Johnston (cf. Car., 16, n.), p. 222-224.
oignon de mer (Car., 16) : Sur la vertu purificatrice de l'oignon de mer (scille : plante bulbeuse de la famille des liliacées,
dont les feuilles portent des hampes couronnées de fleurs bleues ou blanches), cf. Théophraste, Recherches sur les
plantes, VII, 13, 4; Lucien, Alexandre, 47; Dion Chrysostome, 48, 17.
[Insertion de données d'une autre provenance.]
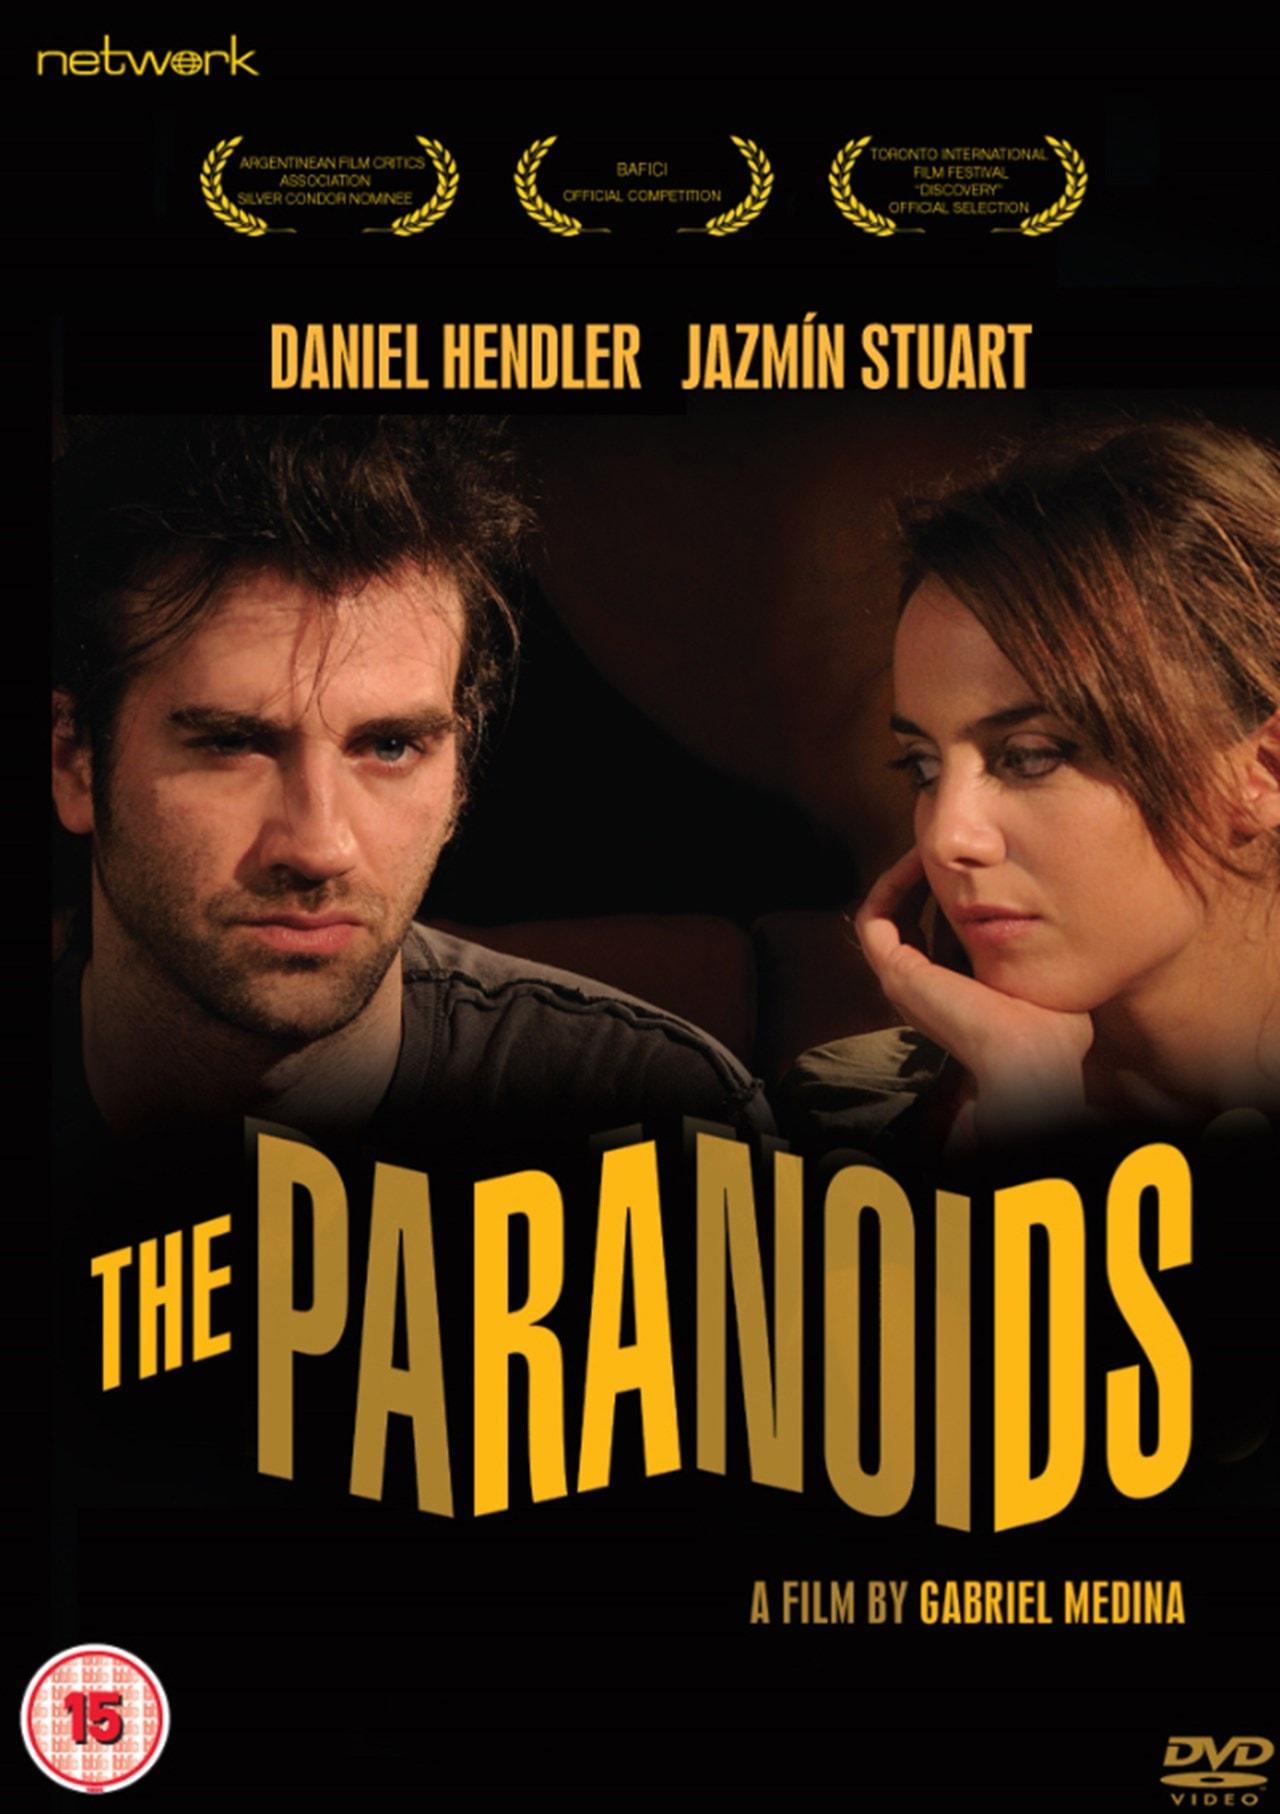 The Paranoids - 1

cadavre d'un chiot (Car., 16) : Sur le sacrifice cathartique de chiens dont le cadavre est porté autour de l'objet à purifier,
afin d'enfermer celui-ci dans un cercle où le maléfice ne pourra entrer, cf. Plutarque, Questions romaines, 280 b-c;
Idem, Romulus, 21, 10

cracher (Car., 16) : Cracher est un geste apotropaïque destiné à conjurer le mauvais sort qui peut s'attacher au paranormal
que constituent les transports de l'aliénation et de l'épilepsie, maladies considérées comme "sacrées", c'est-à-dire
démoniaques.

pli de son vêtement (Car., 16) : Le pli du vêtement (dit kolpos) est le retroussis que forme la tunique au-dessus de la
ceinture. On sait que la tunique grecque, attachée à l'épaule d'un côté ou des deux, est ajustée à la taille par une ceinture qui
dessine des plis bouffants : cela permet de remonter le vêtement jusqu'aux genoux et parfois un peu au dessus; l'ouverture
autour du cou est toujours laissée plus large par devant que dans le dos, ce qui produit en avant une sorte de bec, avec plis
étagés (cf. L. Heuzey, Histoire du costume antique, Paris, 1922, p. 63). Sur l'usage pratique du kolpos, cf.
également Car., 6, 8 et Car., 22, 7.